An 82-year-old man was admitted to the medical ICU for severe sepsis with shock due to Gram-negative pneumonia. Attempts to establish peripheral venous access were unsuccessful and thus a peripherally inserted central catheter (PICC) was placed using ultrasound guidance for prolonged antibiotic administration. A subsequent chest radiograph demonstrated the PICC traversing the left hemithorax and terminating in a position overlying the left ventricle. An arterial placement was initially suspected but venous placement was confirmed by measuring central venous pressure of 8cm H2O and pO2 of 32 mmHg from the PICC line while simultaneous peripheral arterial O2 saturation on pulse oximetry was 97%. A computed tomogram (CT) confirmed the PICC terminating in the pericardiacophrenic vein. The PICC was not used and removed without incident (Figures 1 and 2).
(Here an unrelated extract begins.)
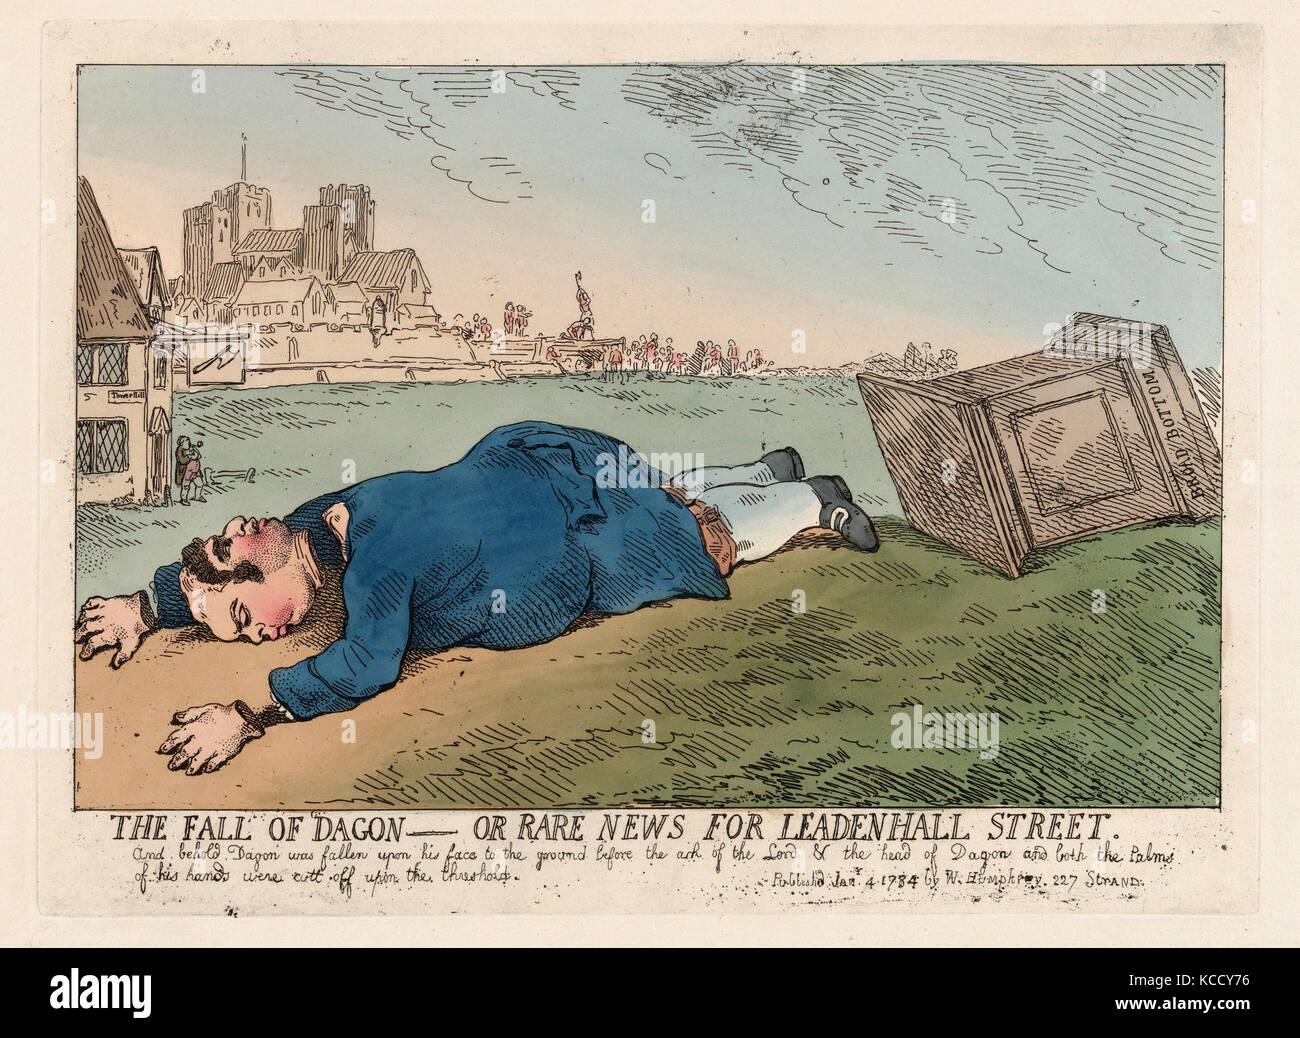 The Fall of Dagon, rare news for leadenhall street. Historical British caricature - Stock Image
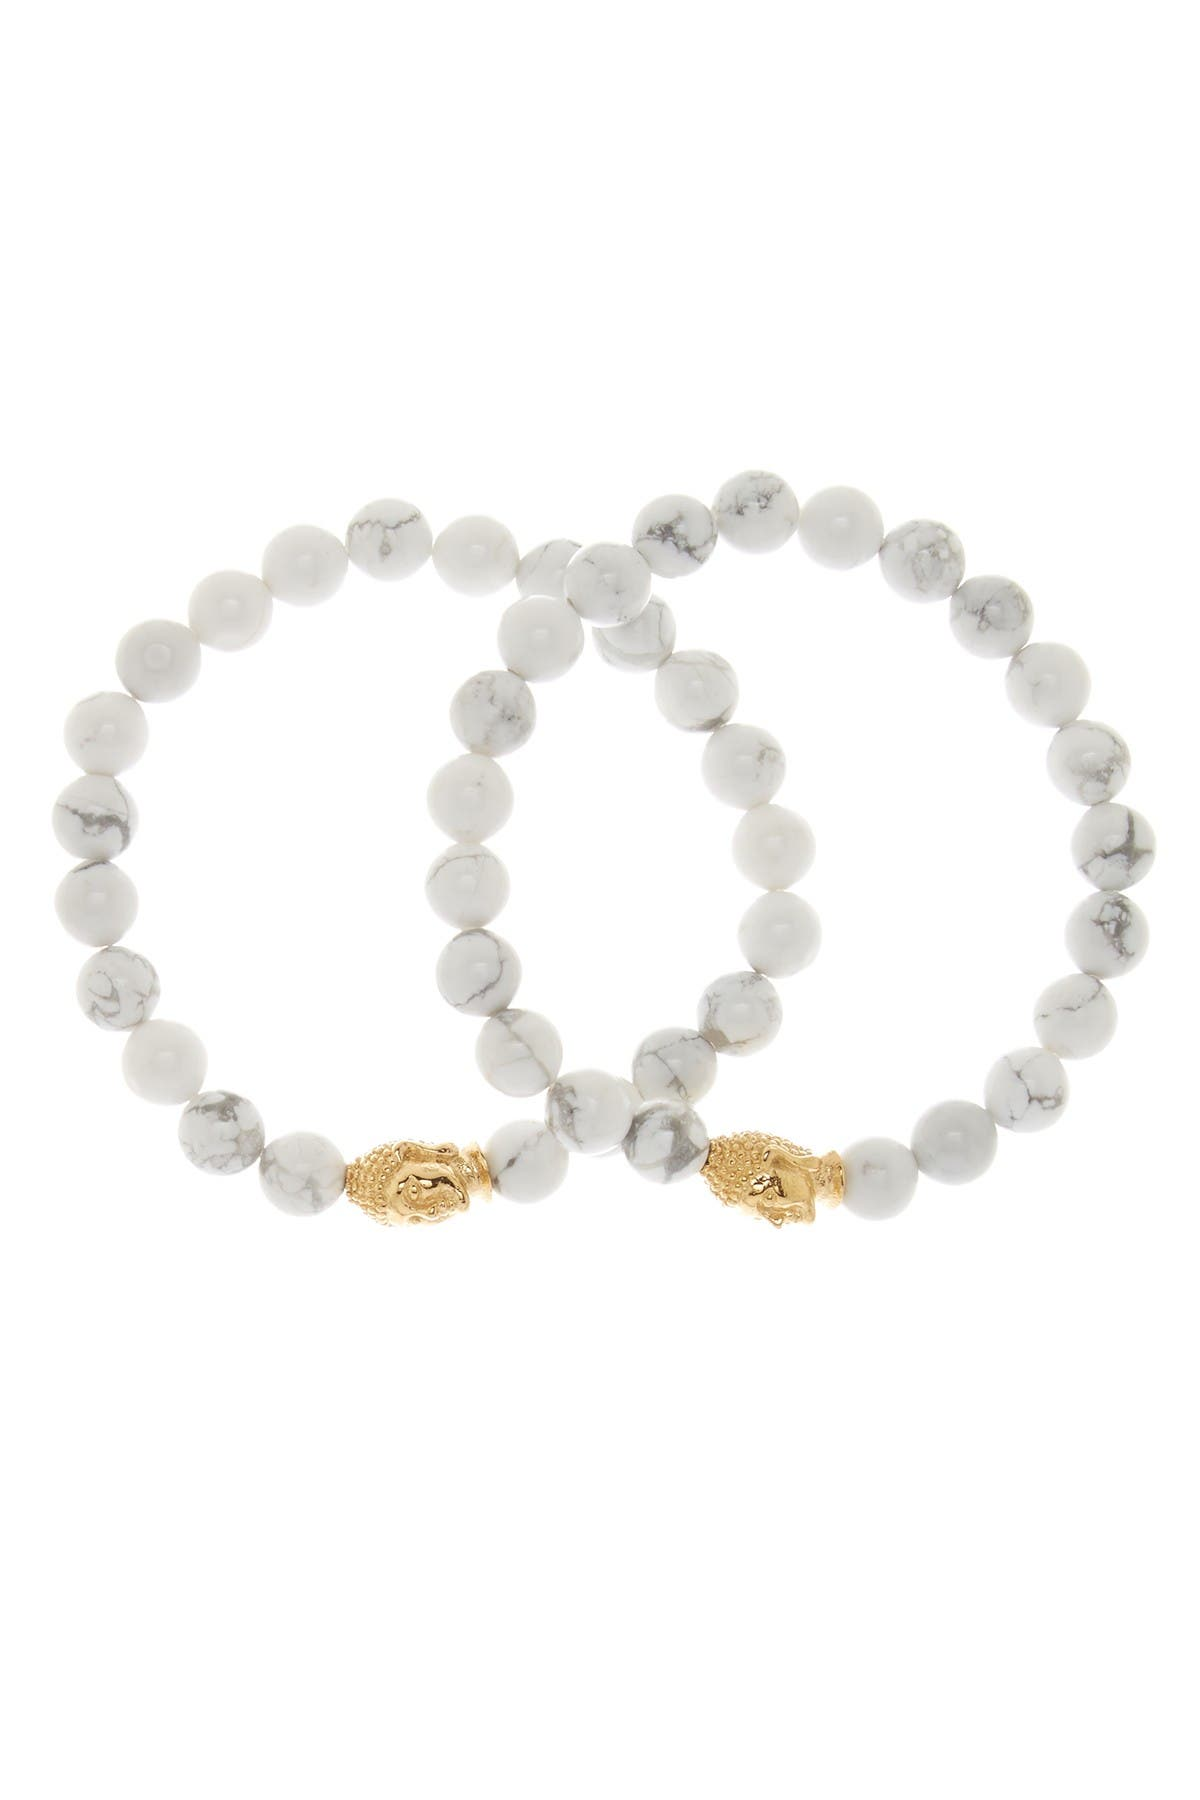 Image of Marz The Marbled Tranquility Bracelet Set

Complications related to PICC lines can occur during insertion, while indwelling or after discontinuation. This case is a complication related to the insertion of the PICC into the pericardiacophrenic vein. The pericardiacophrenic vein traverses the mediastinum with its accompanying artery and phrenic nerve; it is a branch of the internal thoracic vein, draining into the brachiocephalic vein. Infusion of medications or fluids in a malpositioned central venous catheter may result in perforation and possible pericardial hemorrhage and tamponade . These complications from malpositioned catheters are mostly described in literature relating to neonates. The incidence of this complication for adults is unknown. Although our patient developed no problems during a one-day cannulation, it is important to recognize the possibility of PICC placement in the left paramediastinal space and its consequences even with ultrasound guidance [3,4]. This emphasizes the importance of radiography after insertion. A CT may be helpful to differentiate central venous line malposition, such as described in our case, from occasionally noted venous anomalies such as an aberrant left-sided superior vena cava. In the latter case, the central venous line may be used safely.